Re: Archival image reproduction on Kodak Creo IQ3 scanner
Re: Archival image reproduction on Kodak Creo IQ3 scanner
- Subject: Re: Archival image reproduction on Kodak Creo IQ3 scanner
- From: Robin Myers <email@hidden>
- Date: Thu, 21 Jul 2011 18:24:26 -0700
The HP Artist software libraries required six items to perform its calculations; a raw (not color balanced, de-mosaiced, linear TRC) image of the artwork, a similar raw image of a white card filling the same field of view with the same lighting, 50+ spectral measurements of the artwork, 10+ spectral measurements of the white card, spectral measurement of the light source, spectral response curves for the camera.
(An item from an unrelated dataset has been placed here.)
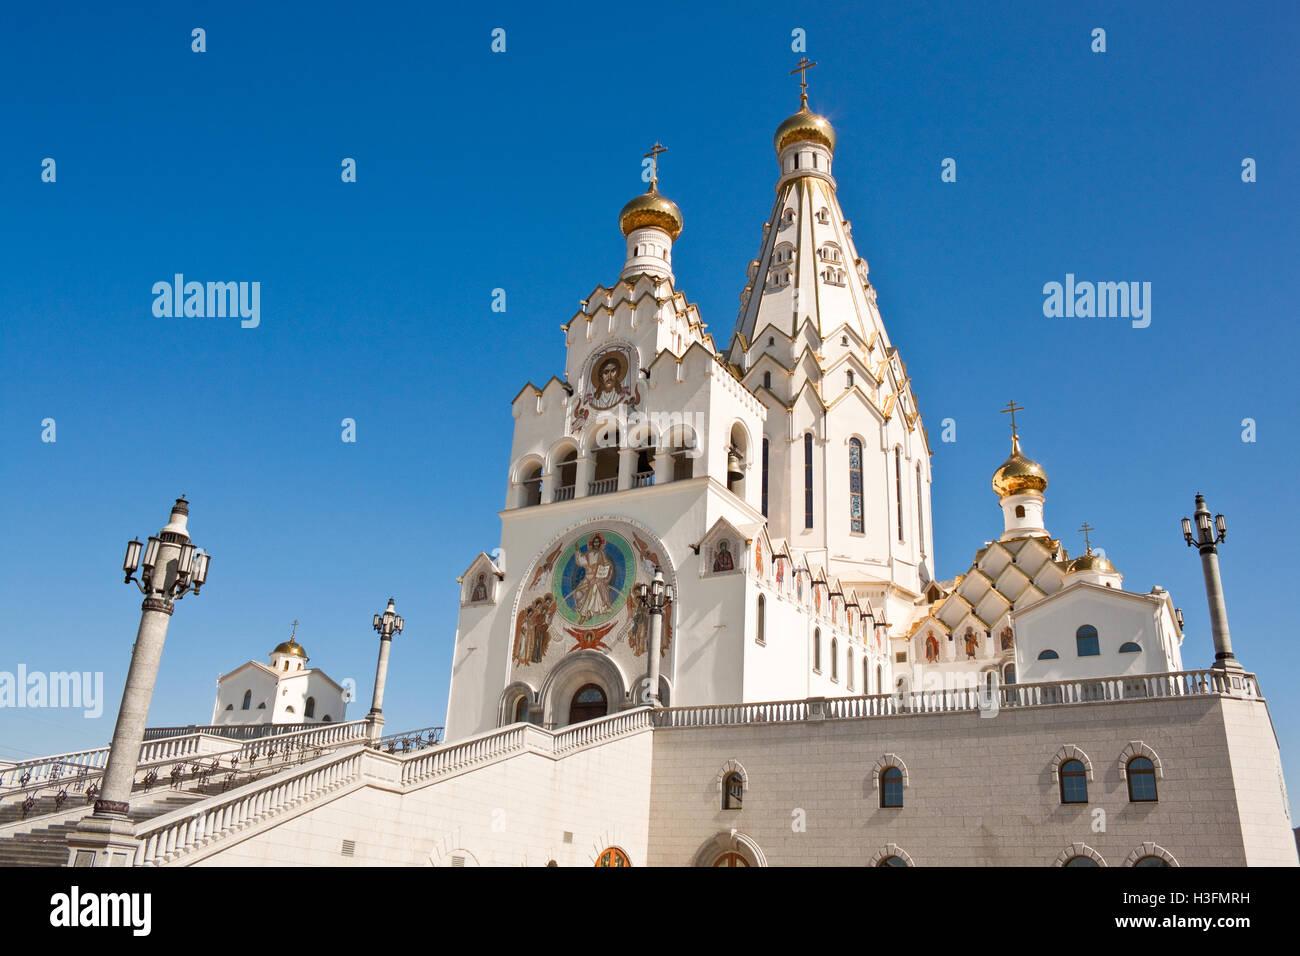 All saints orthodox  church in MInsk, Belarus Stock Photo

With this information HP Artist calculates and produces an ICC profile tuned for that artwork which can be sent to any printer.
Yes, that is correct, any printer. The gotcha is that the HP, in its own inimitable fashion, required in the licensing agreement that an HP Z-3200 printer must be attached to the computer in order to use the HP Artist software libraries. This turned the Z-3200 into a huge, very expensive dongle.
There were two companies initially licensed to sell the HP Artist libraries; Better Light for its scanning cameras, and Ergosoft for the Nikon cameras. Not long after Photokina 2008 HP disbanded the development team and lost all interest in this product.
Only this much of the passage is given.